In [5] de Vries proximities on boolean algebras were generalized to proximities on arbitrary torsion-free f-algebras over a totally ordered domain D.

Definition 4.1

[5, Def. 4.2] Let S be a torsion-free f-algebra over D. We call a binary relation \(\lhd \) on S a proximity if the following axioms are satisfied:

1. (P1)

   \(0\lhd 0\) and \(1 \lhd 1\).

2. (P2)

   \(s \lhd t\) implies \(s \le t\).

3. (P3)

   \(s \le t \lhd r \le u\) implies \(s \lhd u\).

4. (P4)

   \(s \lhd t,r\) implies \(s \lhd t \wedge r\).

5. (P5)

   \(s \lhd t\) implies \(-t \lhd -s\).

6. (P6)

   \(s \lhd t\) and \(r \lhd u\) imply \(s+r \lhd t+u\).

7. (P7)

   \(s \lhd t\) implies \(as \lhd at\) for each \(0 < a \in D\), and \(as \lhd at\) for some \(0 < a \in D\) implies \(s \lhd t\).

8. (P8)

   \(s,t,r,u \ge 0\) with \(s \lhd t\) and \(r \lhd u\) imply \(sr \lhd tu\).

9. (P9)

   \(s \lhd t\) implies there is \(r\in S\) with \(s \lhd r \lhd t\).

10. (P10)

    \(s > 0\) implies there is \(0 < t\in S\) with \(t \lhd s\).

We call a pair \((S,\lhd )\) a proximity D-algebra if S is a torsion-free f-algebra over D and \(\lhd \) is a proximity on S. If S is a Specker D-algebra, then we call \((S,\lhd )\) a proximity Specker D-algebra.

Remark 4.2

1. (1)

   The axioms (P1)–(P5) and (P9)–(P10) are direct analogues of the corresponding de Vries axioms, while the axioms (P6)–(P8) govern the interaction between the algebra operations and proximity on S.

2. (2)

   It is an easy consequence of the axioms that \(s\lhd t\) and \(r\lhd u\) imply \(s\wedge r\lhd t\wedge u\) and \(s\vee r\lhd t\vee u\), and that \(s \lhd t\) iff \(as \lhd bt\) for \(0 < a\le b \in D\).

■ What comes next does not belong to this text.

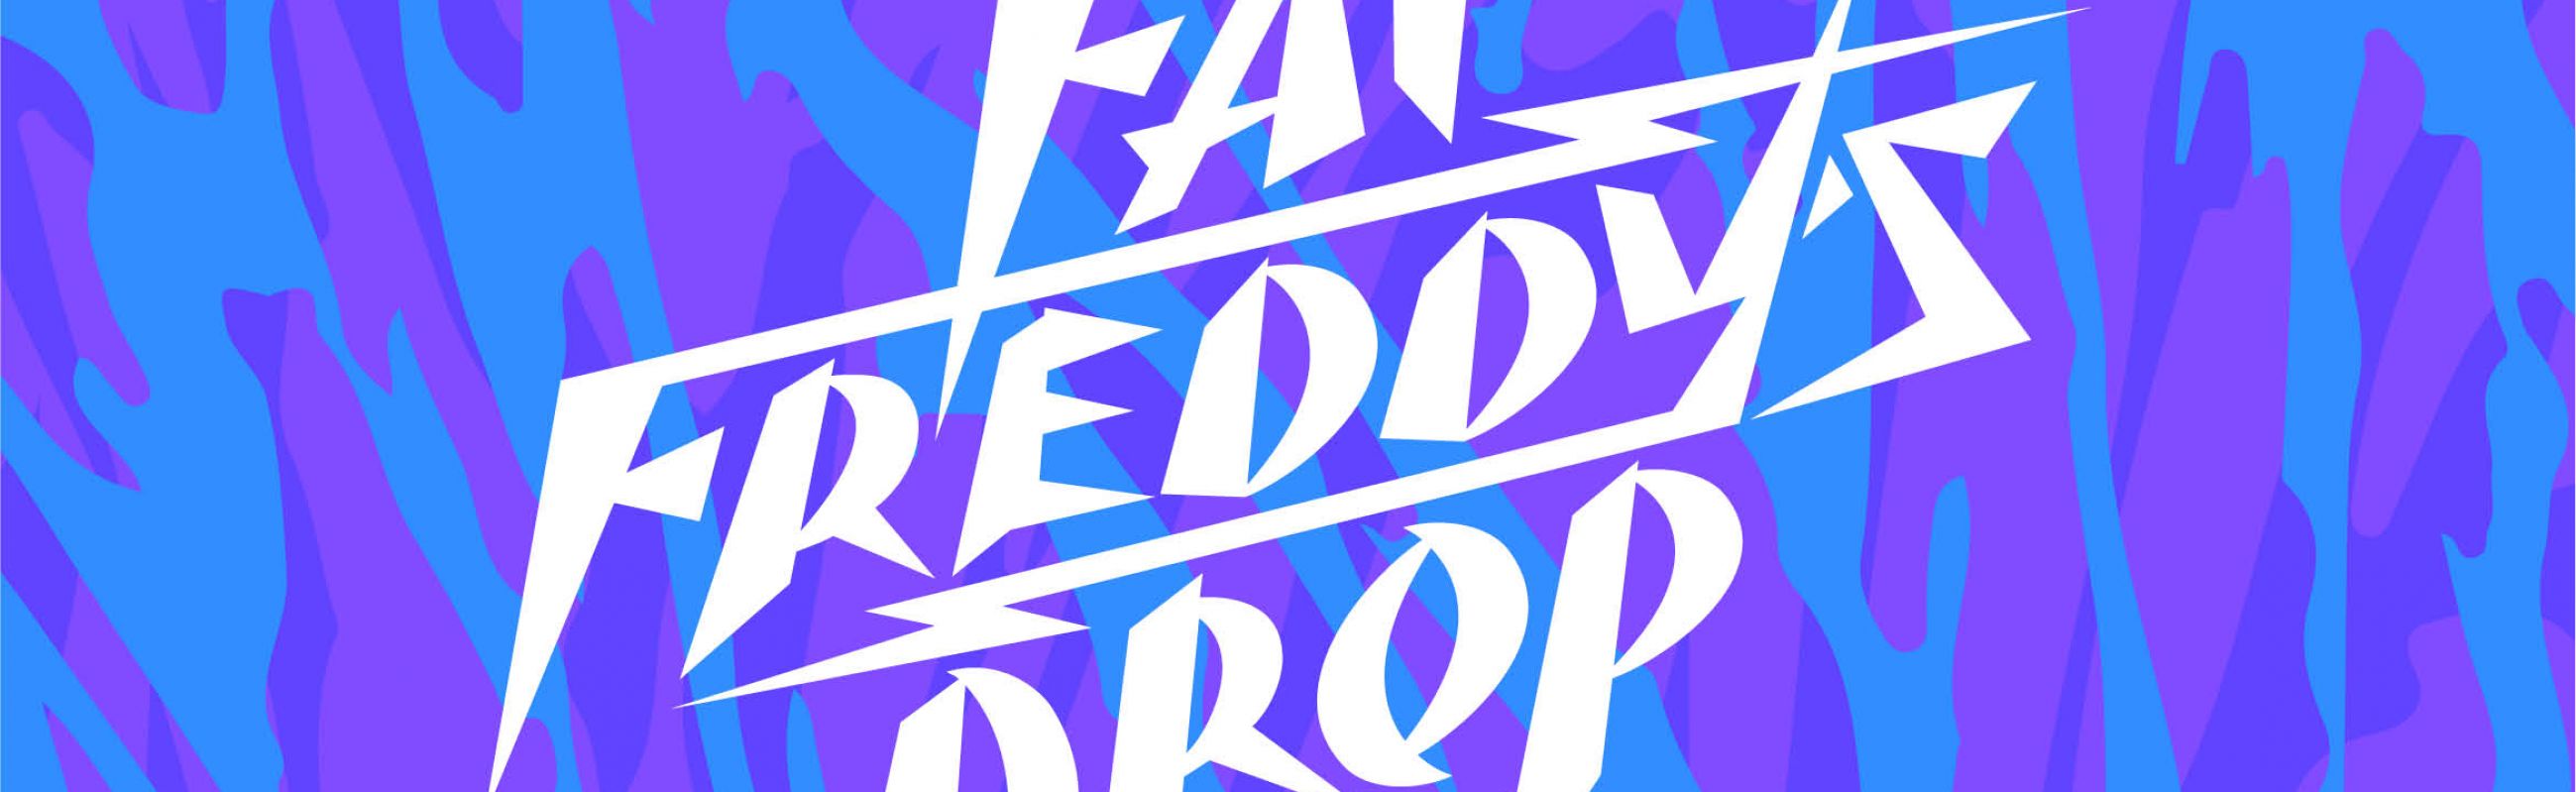 FAT FREDDY'S DROP POSTER

Since every Specker D-algebra S is torsion-free, if S is nonzero, we always identify D with a subalgebra of S by sending \(a \in D\) to \(a\cdot 1 \in S\). Hence, it follows from (P1), (P7), and (P5) that for each \(a \in D\), we have \(a \lhd a\).

3. (3)

   The second implication in (P7) plays an important role in our considerations (see the proofs of Propositions 5.5 and 6.4). This implication is problematic if D is not a domain, so in Definition 4.1 it is essential that D is a domain.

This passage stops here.